South Sudan was founded just a few years ago, breaking away from Sudan after decades of conflict between Muslim north and Christian south. “But it’s very weak and has no structure and no developed governance,” Hansen lamented. “Only three years after the secession, conflicts started between different factions of the former rebels. They used to be rebels, but not trained politicians, not trained bureaucrats. In my opinion we left this new country too early alone. There should have been a much stronger UN support to build a government structure. Now we have a disaster that they don’t understand each other anymore—different ethnic groups that never liked each other…. The international community and the African Union have to do more investment in peace negotiations.”

According to the Times report, aid officials say there is enough food and water to help those suffering in these countries. “But armed conflict that is often created by personal rivalries between a few men turns life upside down for millions, destroying markets and making the price of necessities go berserk,” it said.

In South Sudan, both rebel forces and government soldiers are intentionally blocking emergency food and hijacking food trucks, aid officials say. On Saturday, six aid workers were killed, complicating relief efforts even further. Entire communities are marooned in malarial swamps trying to survive off barely chewable lotus plants and worm-infested swamp water.

To try to address the situation, Malteser is supporting the church in the city of Wau, where IDPs are living in the church compound. “We use also the agricultural plot of the church to grow food that we provide to the people there,” Hansen said. The organization also tries to help children go to school and feed them there.

Christmas in Darfur
UN Photo by Olivier Chassot CC
South Sudanese Catholics celebrate Mass at El Fasher church in North Darfur, Sudan. Photo by Olivier Chassot

“They can get together with other children and have a bit of a normal life,” he said. “Otherwise, many of them are traumatized because of displacement. They often see how people are killed. So in the schools they are in kind of a protected environment.”

The organization is also supporting some of the 1.2 million refugees from South Sudan in Congo and in Uganda.

Pope Francis has expressed interest in visiting South Sudan later this year, and this week the pontiff called on all involved in the ongoing conflict to “commit not to stop at making statements, but also to provide concrete food aid and to allow it to reach suffering populations.” Recently, the bishops of the country said that “killings, rapes, forced displacement, attacks on churches and destruction of property continue throughout the country. Discrimination takes place on the basis of ethnicity, and those who are perceived to be ‘enemies’ are ‘killed, raped, tortured, burned, beaten, robbed, harassed, imprisoned, forced to abandon their homes and prevented from harvesting their crop.’“

Former Refugees Resume Village Life in Darfur
UNAMID Albert Gonzalez Farran CC
A community of Sudanese refugees returned to their homes in the village of Seraf Jedad, West Darfur. Pictured is a child from the village. Photo by Albert Gonazalez Farran

Fides news agency said the government has called on refugees to go back to their villages, but many of these, the bishops say, “have become scorched earth,” while several cities have become “ghost towns, emptied of their inhabitants with the exception of the security forces and, perhaps, of members of a faction or tribe.”

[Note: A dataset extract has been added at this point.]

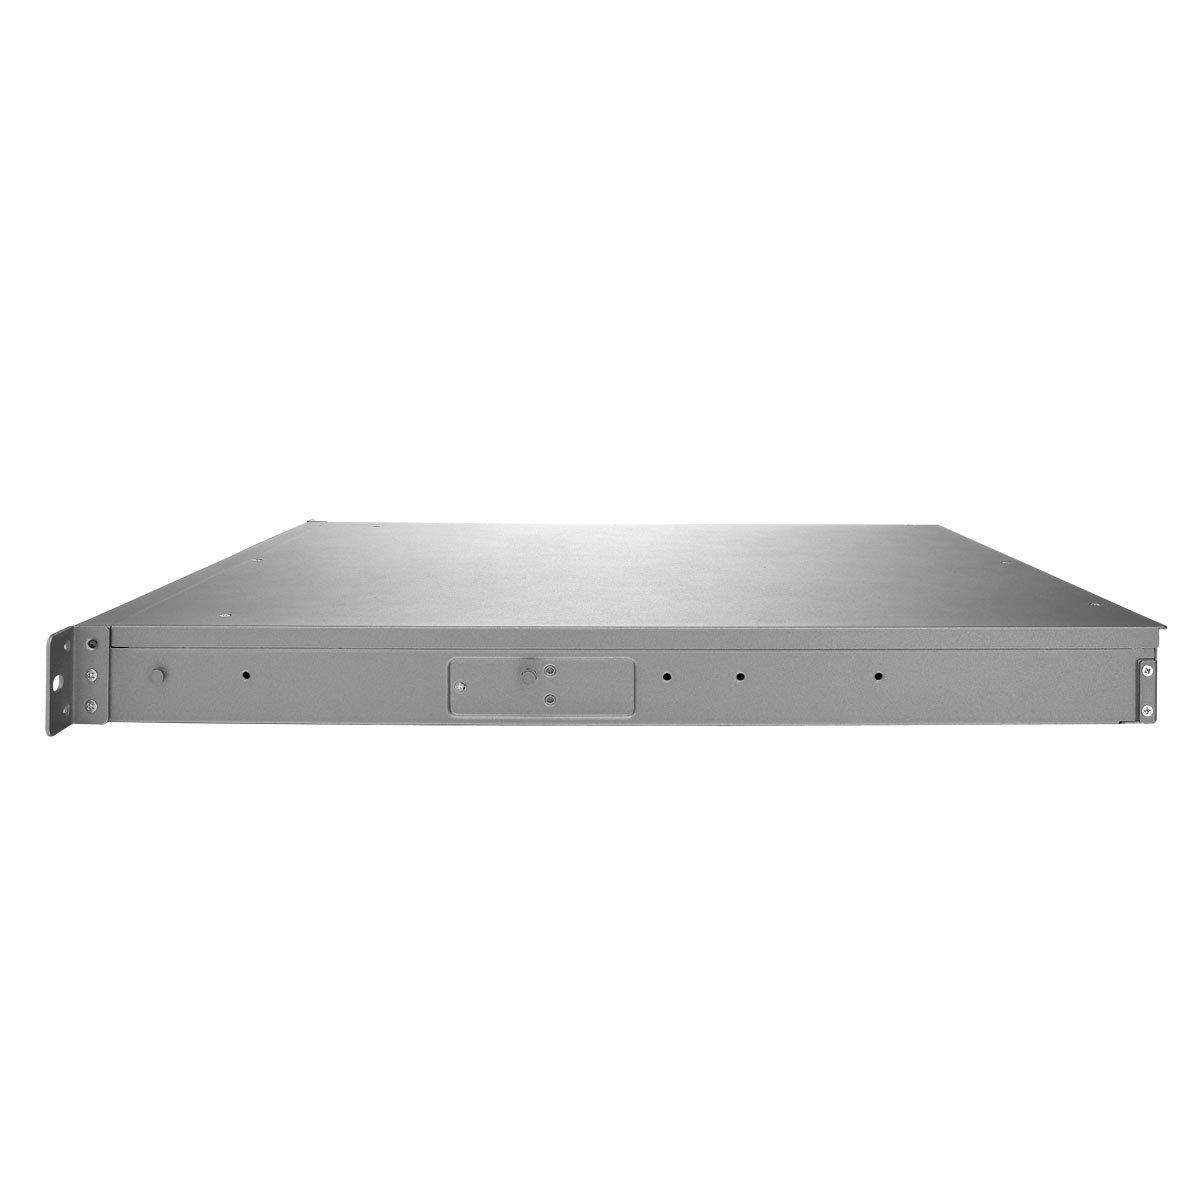 QNAP TS 453U RP 4 bay 1U iSCSI NAS, Intel 2.0GHz Quad Core CPU with 4GB RAM, 2.5''/3.5'' SATA 6Gb/s by QNAP (Image #3)
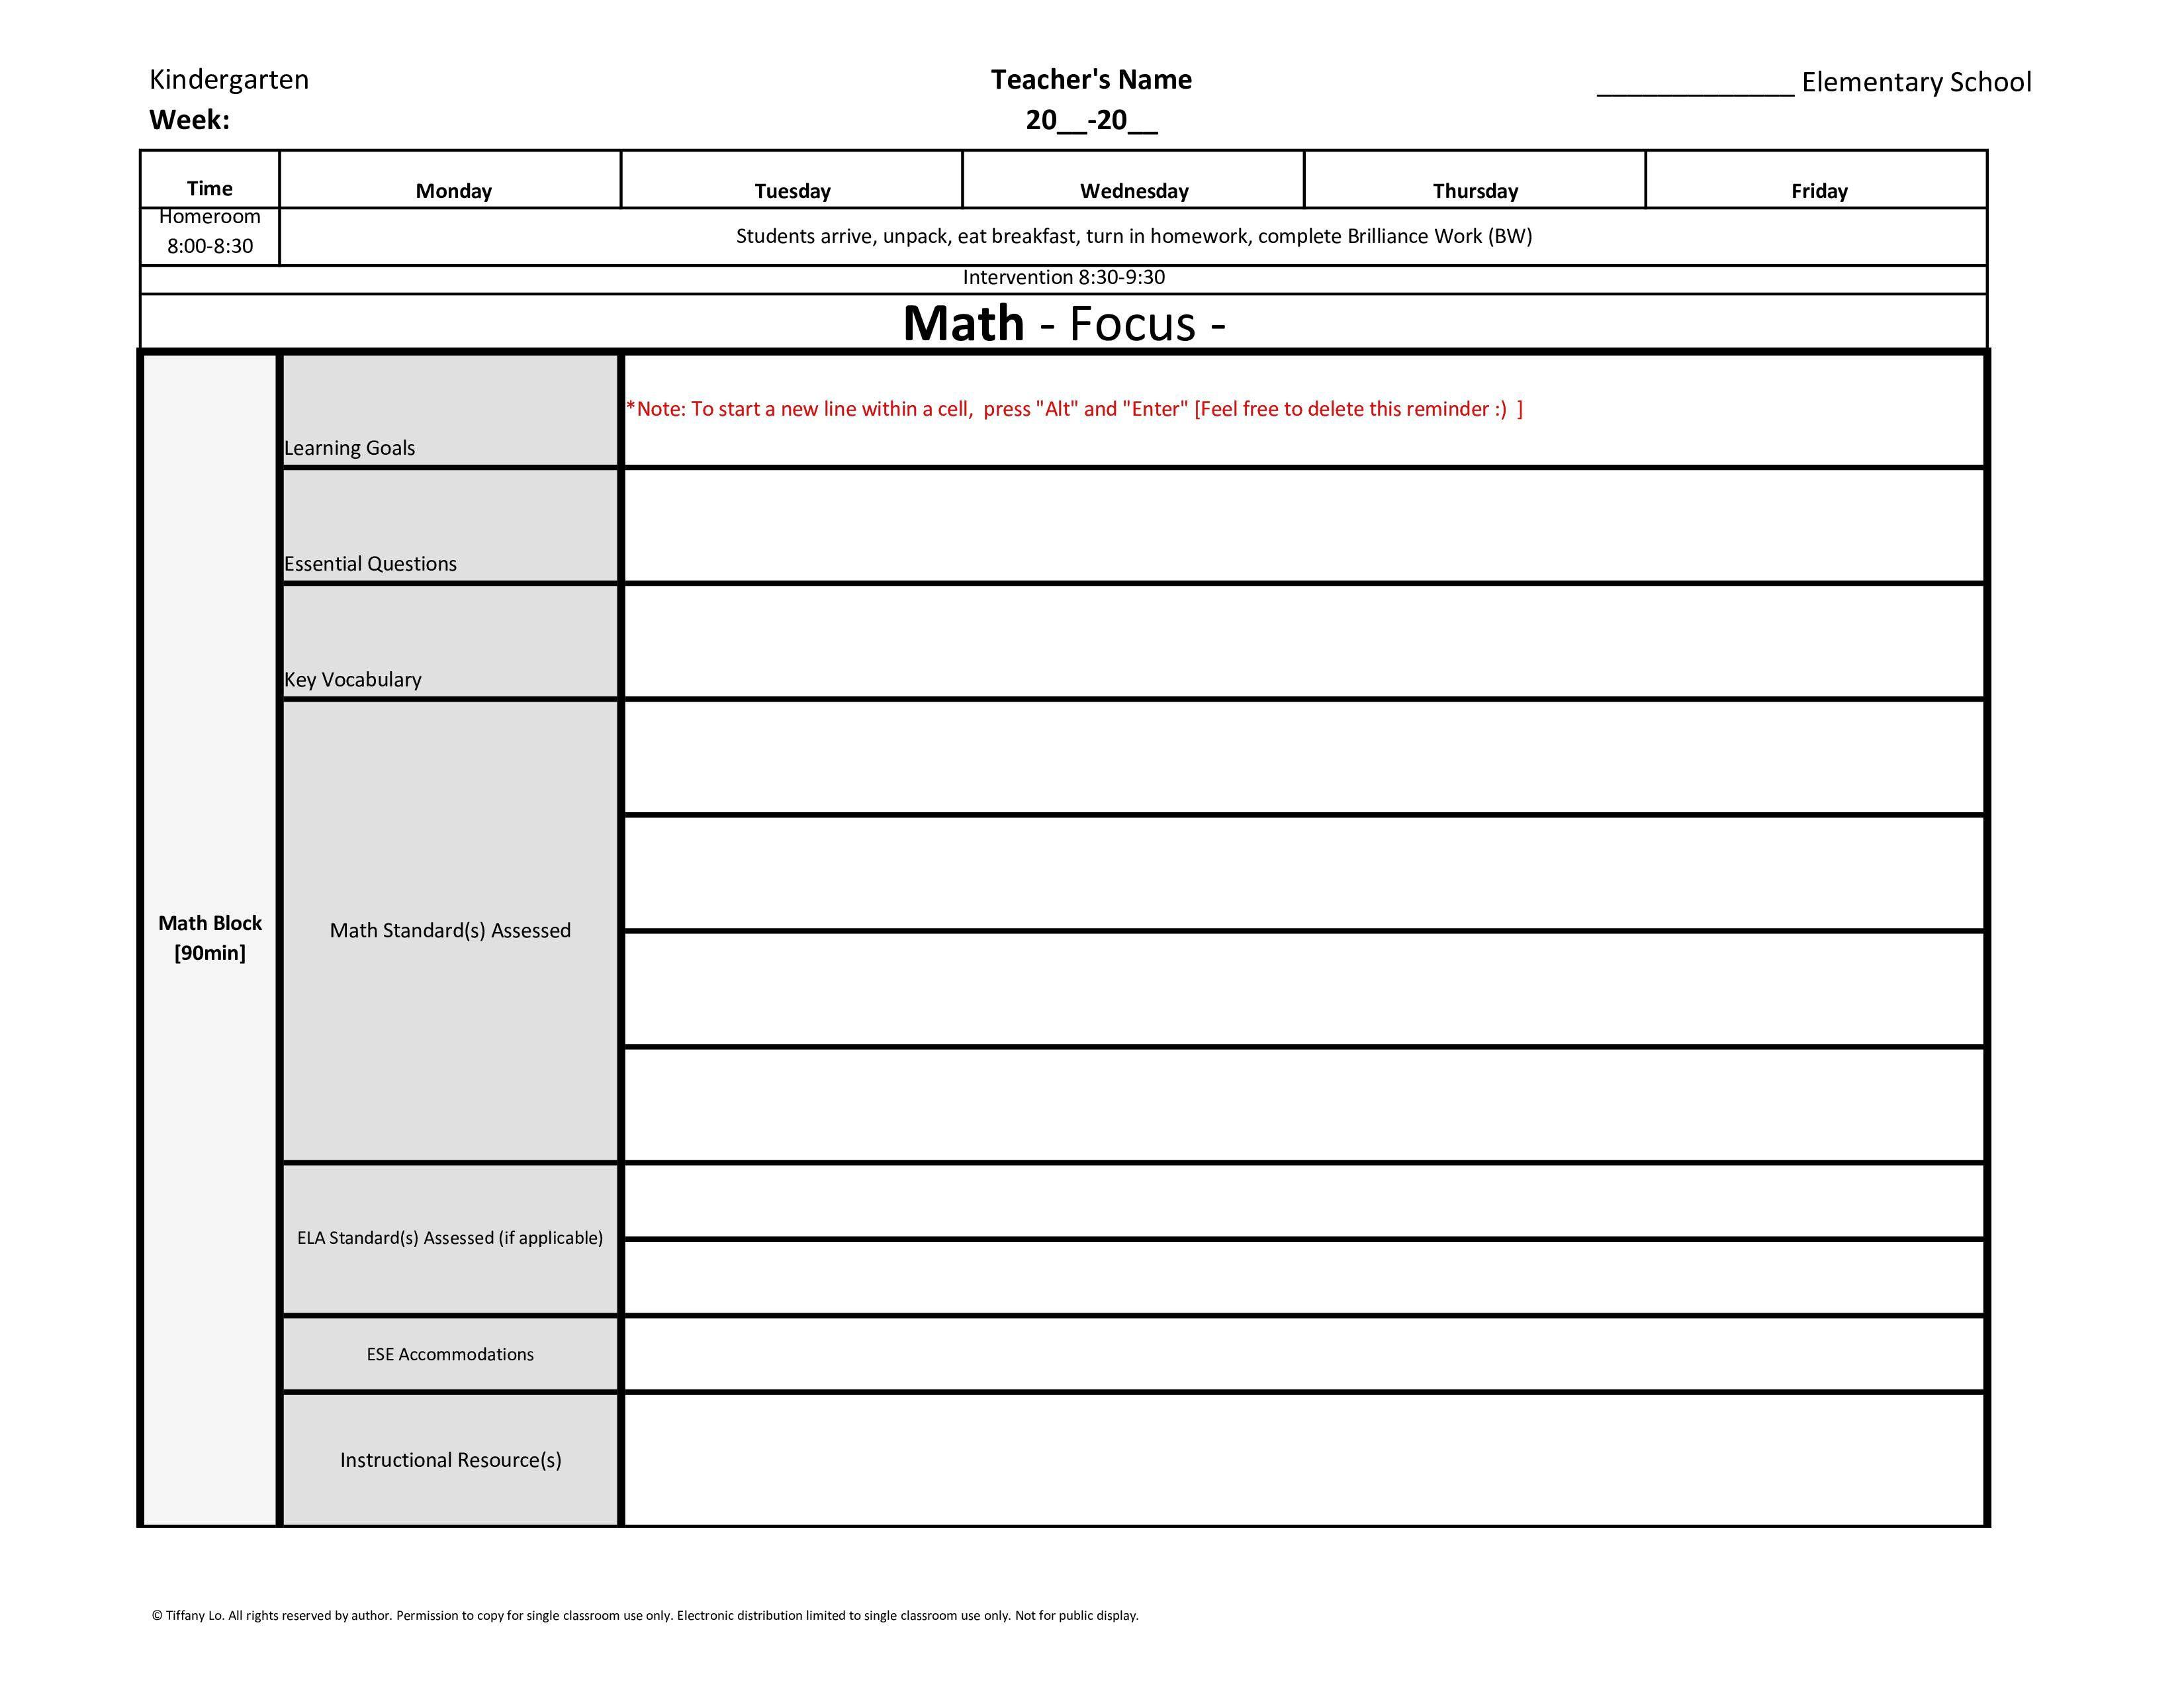 003 Astounding Lesson Plan Template Free Highest Clarity  Weekly Printable Editable Preschool FormatFull

Catholic Relief Services has been providing food aid to some 800,000 people in Jonglei State in the central part of South Sudan, where levels of hunger and malnutrition are not far below the areas where famine has been declared. In Uganda, CRS has also rapidly mounted a response to assist South Sudanese pouring over the border seeking refuge from hunger and violence. CRS and its partners are focusing on sanitation and hygiene to prevent illness and disease, as well as materials and assistance in building shelters. An estimated 2,000 South Sudanese per day continue to cross into Uganda.